Land is the largest expenditure for a community. As such, the number one approach to this issue is to seek someone who is already a landowner, and invite them  into the program with their financial contribution replaced by the in-kind contribution of approximately $100k in land value. This value corresponds to the actual worth that each person is contributing: $5k in captital and $95k in skill offered to the community in the coming few years. Right livelihood opportunity cannot be matched to a price, but here we select $100k as a reasonable figure. This should procure from 5-50 acres of land. This land becomes part of the permanent stewartship holdings of the group, bound as a reserve to all future pursuers of right livelihood. Such land is not to enter the speculative market under any circumstances. In future years, additional members may enter the community, up to the number self-supported by the land base. This applies a natural bound for population control, where the limit is determined by optimal quality of life of existing members.

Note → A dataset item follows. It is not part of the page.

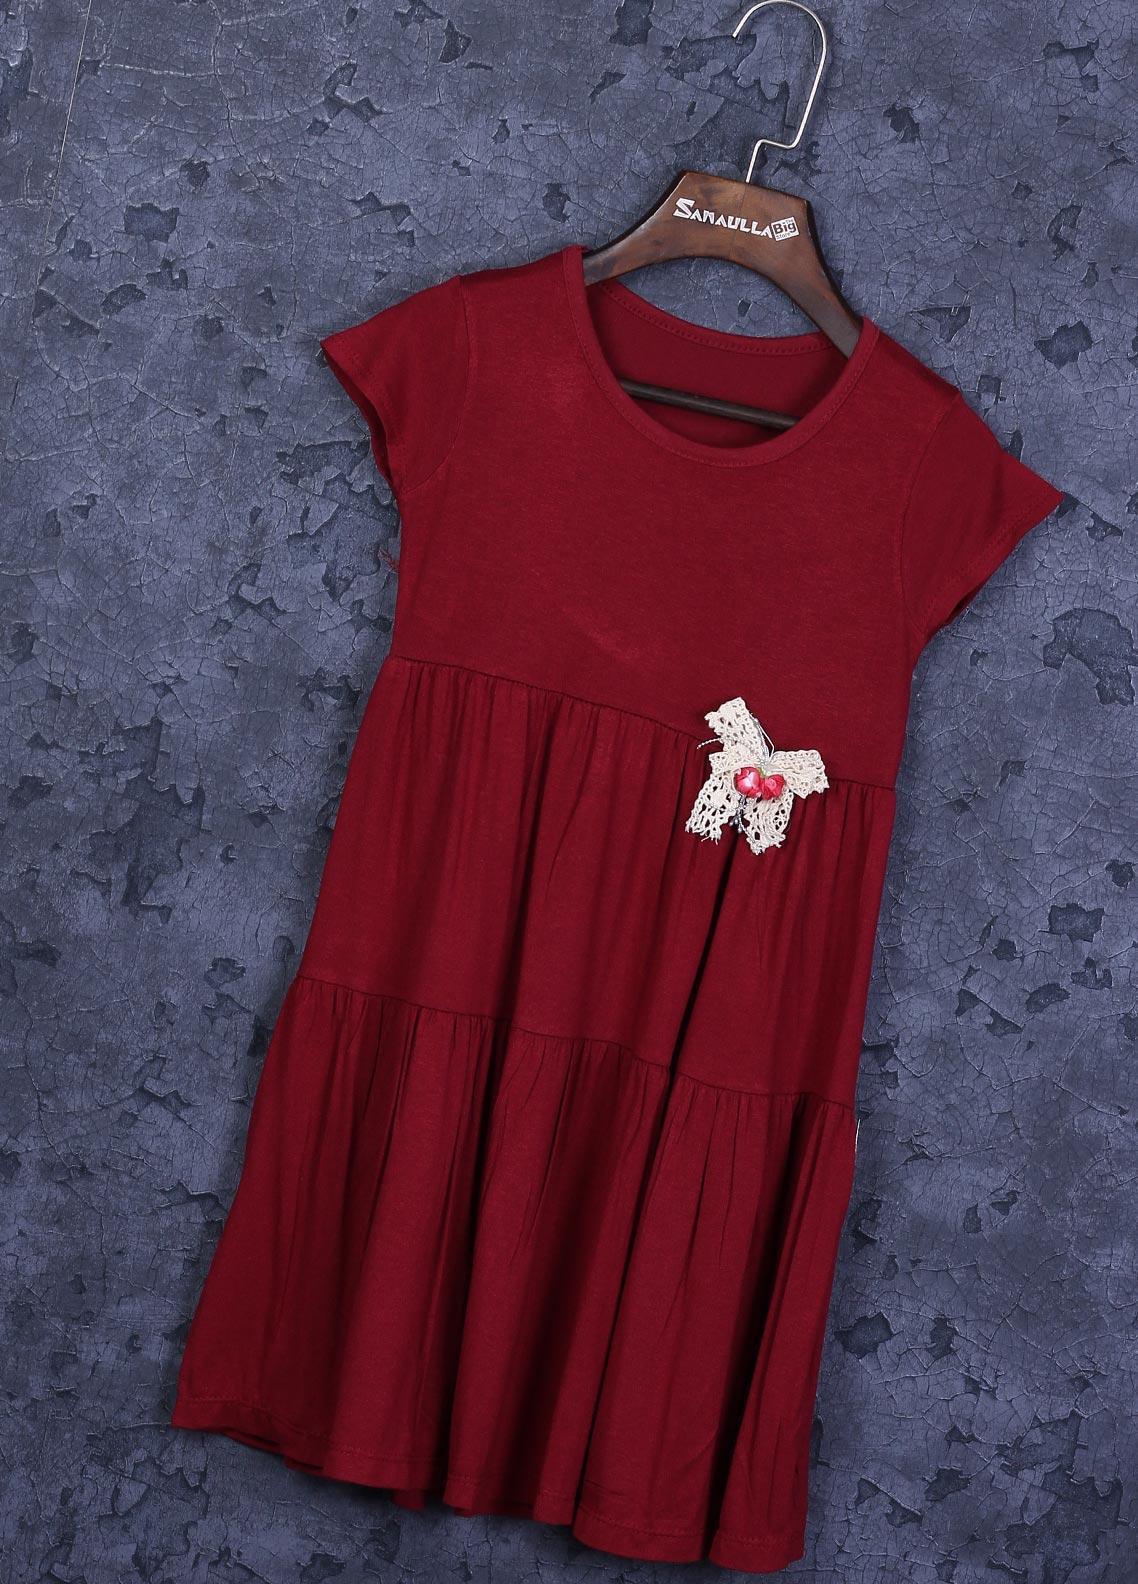 Sanaulla Exclusive Range Cotton Fancy Frocks for Girls -  22772-1 Maroon

==Right Livelihood Infrastructure==
The key to participant alignment along a common purpose lies in explicit design choices for the physical infrastructure. The physical infrastructure determines the right livelihood activities, and, indeed, focuses participants' energy to particular choices of endeavors:
*technology integration work
*high level grassroots organizational work
*regional infrastructure and economic development
Essential facilities related to these right livelihood activities include:
*computing and communicatio infrastructure
*flexible and digital fabrication capacity
*greenhouses and permaculture facilities
*food processing, materials, electronics, and other labs
*small industry of all sorts
All work is placed in the public domain for maximum benefit to all of humanity. Enterprise developed in-house is to serve as right livelihood opportunities to participants, where the developers have primacy in the endeavor, naturally, by being the developers of constantly evolving products. To address business incubation issues, our infrastructure is a dedicated deployment environment for open source enterprise - thereby providing an incentive for product development other than patent protection. The personal requirement from participants is evolved awareness that open economic development, or sharing, is a viable route to livelihood.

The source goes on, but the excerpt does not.